• _YOUR INSTRUCTIONS_
Within the records below, find each line with the word "papier" and copy it out.

• _THE INPUT_
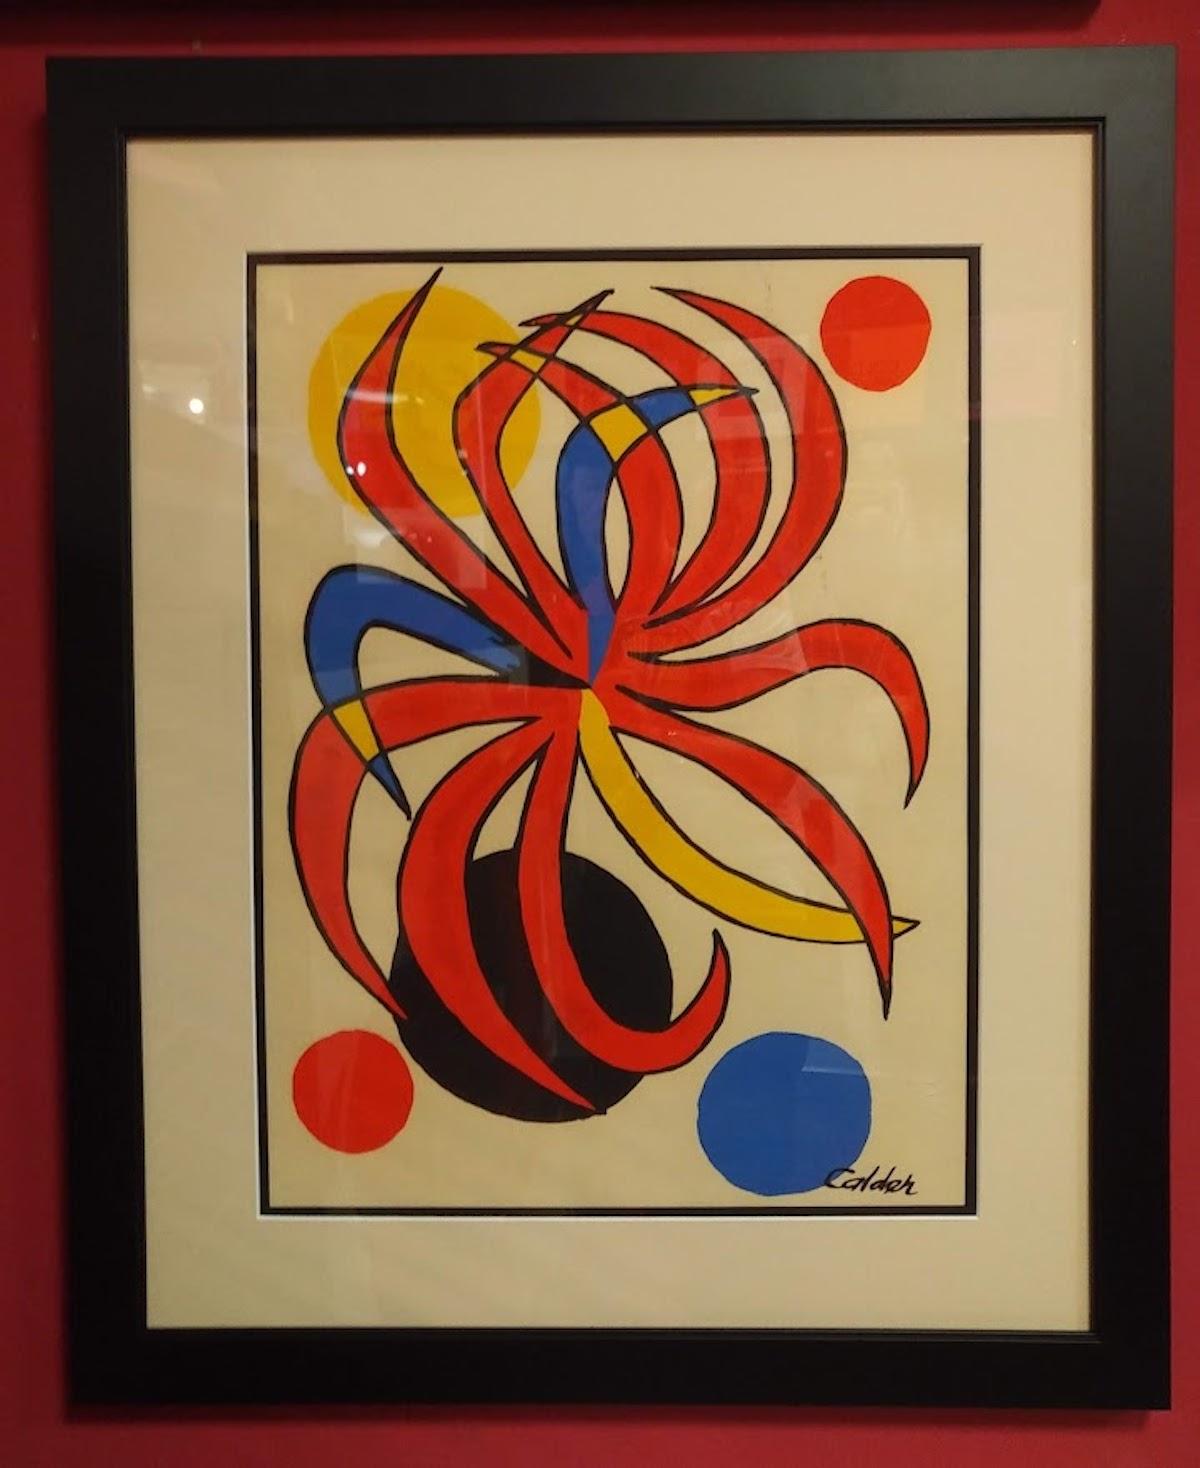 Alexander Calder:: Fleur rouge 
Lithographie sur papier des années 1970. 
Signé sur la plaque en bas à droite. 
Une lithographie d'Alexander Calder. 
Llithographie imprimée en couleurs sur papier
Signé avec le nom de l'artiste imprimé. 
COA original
...
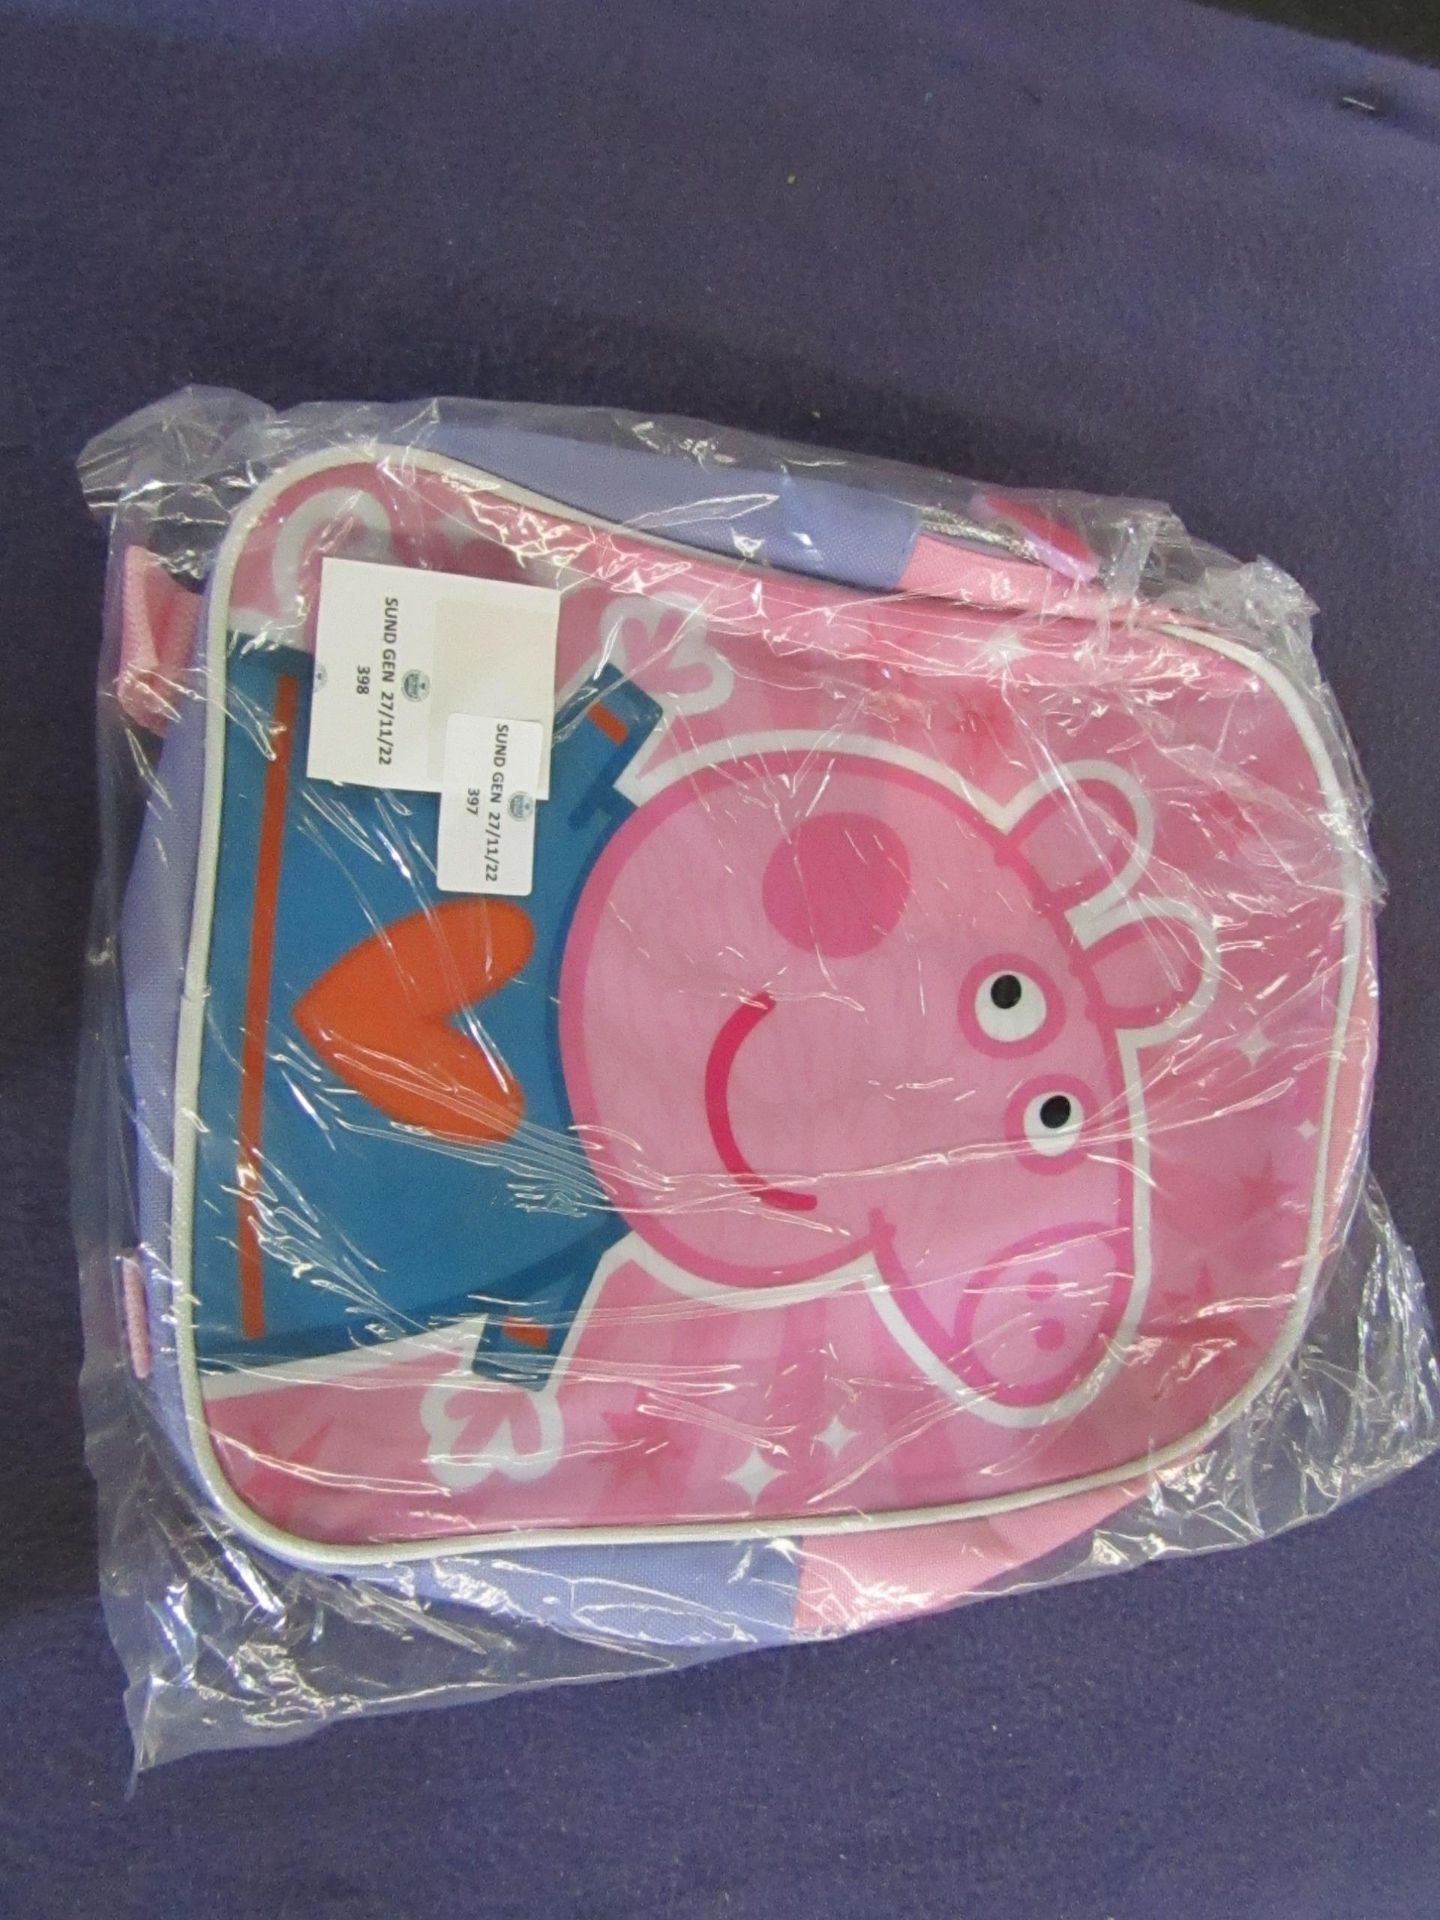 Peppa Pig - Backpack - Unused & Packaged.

• _ANSWER_
Lithographie sur papier des années 1970. 
Llithographie imprimée en couleurs sur papier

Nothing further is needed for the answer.